KCB Group has been instructed by the Competition Authority of Kenya (CAK) to retain 90 percent of its workforce for a period not less than one and a half years, after the buyout of National Bank of Kenya.
KCB had initially said it would move swiftly to eliminate excess staff and branches to maximize profits from the all-stock acquisition.
“In order to strike a balance between addressing the public interest concerns and accommodating the strategic intent of the merging parties, the Authority was of the view that granting conditional approval to the proposed transaction would be appropriate,” read a statement issued by CAK.

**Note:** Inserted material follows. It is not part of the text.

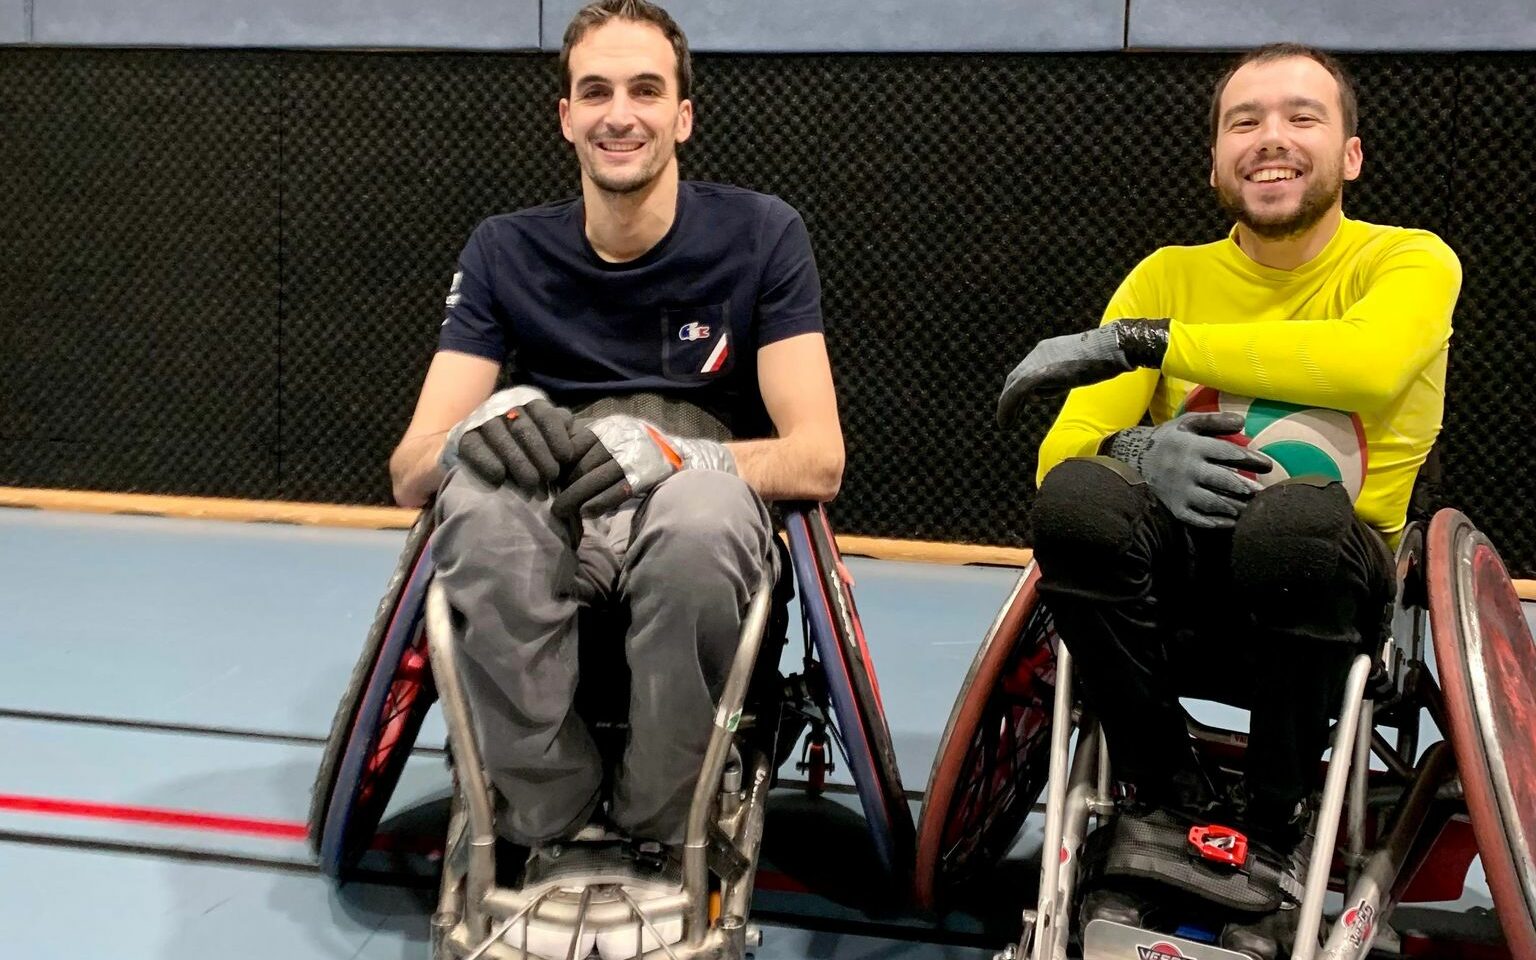 2 asémistes présents aux Japan Para Championships 2023 Wheelchair Rugby
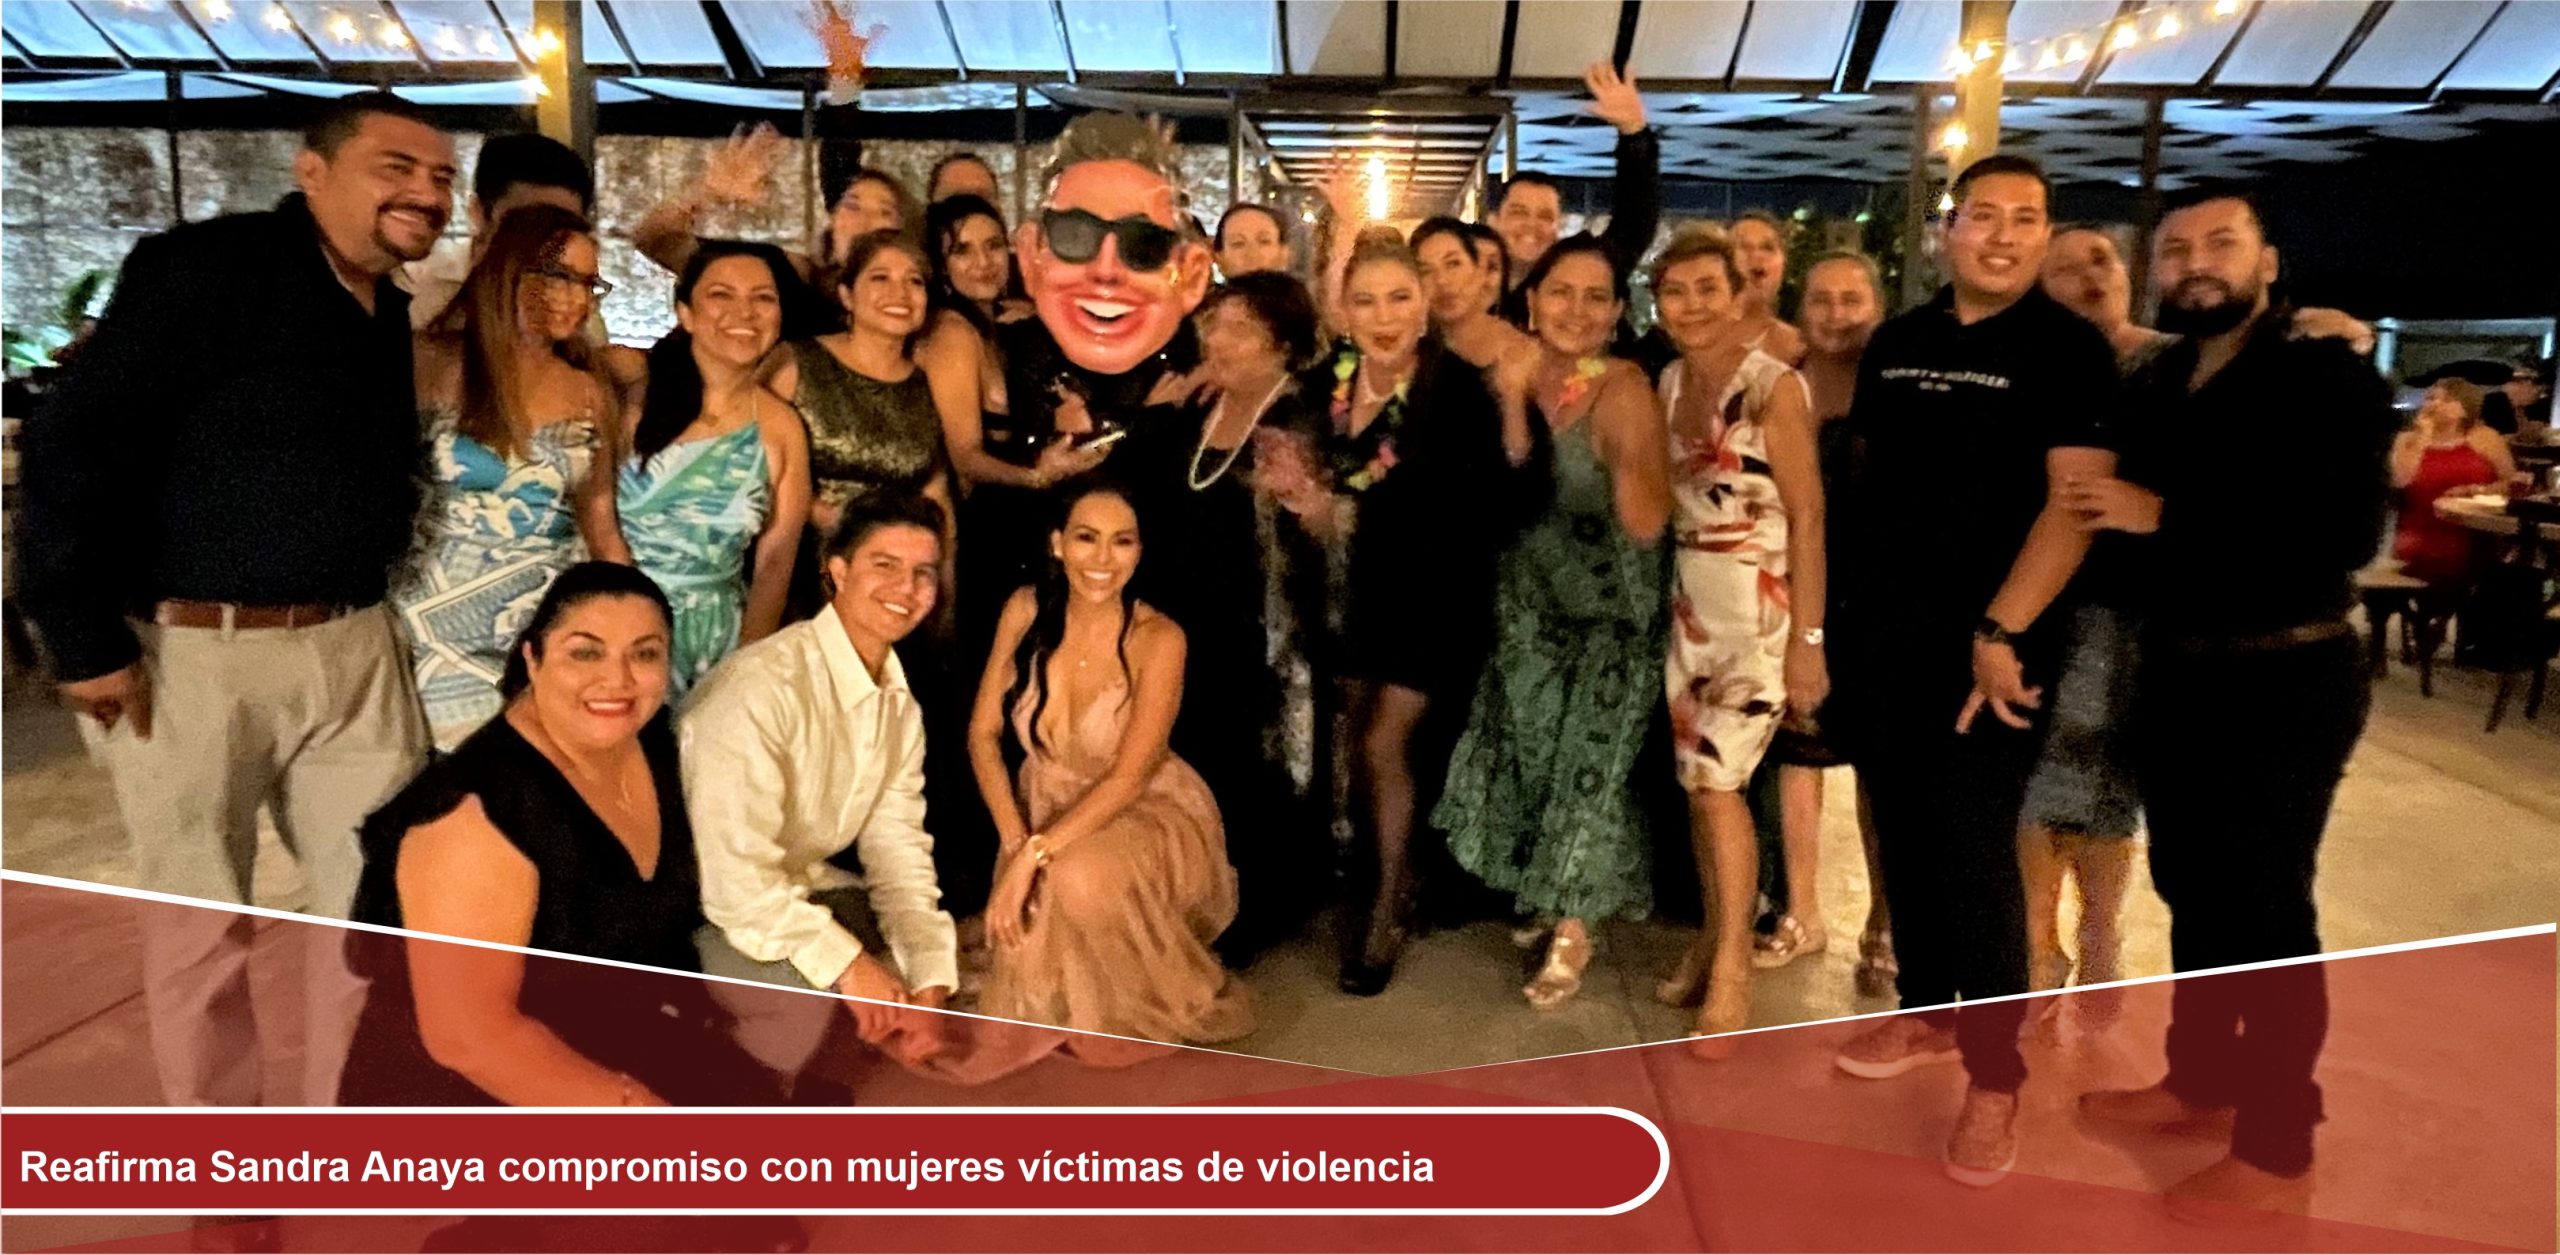 Reafirma Sandra Anaya compromiso con mujeres víctimas de violencia

The buyout of NBK by KCB was approved because the former’s performance had deteriorated over the years, with the bank breaching the minimum capital adequacy ratios.
CBK-set minimum capital adequacy ratios are 10.5% for core capital to risk-weighted assets, and 14.5% for total capital to Risk-weighted assets.
To allow for a smooth transition, NBK will continue running independently for two years after the acquisition. After the transition period, the reduction of NBK’s staff count of 1,356 workers is set to start.
Mergers and acquisitions often lead to massive layoffs as companies cut down on their expenses and improve efficiency.
In 2018, NBK already spent KSh541.2 million in laying off employees who willingly retired most of them from top roles in the bank.
Even with the new directive, KCB can still lay off 619 workers or 10% of the total staff count of 6,191.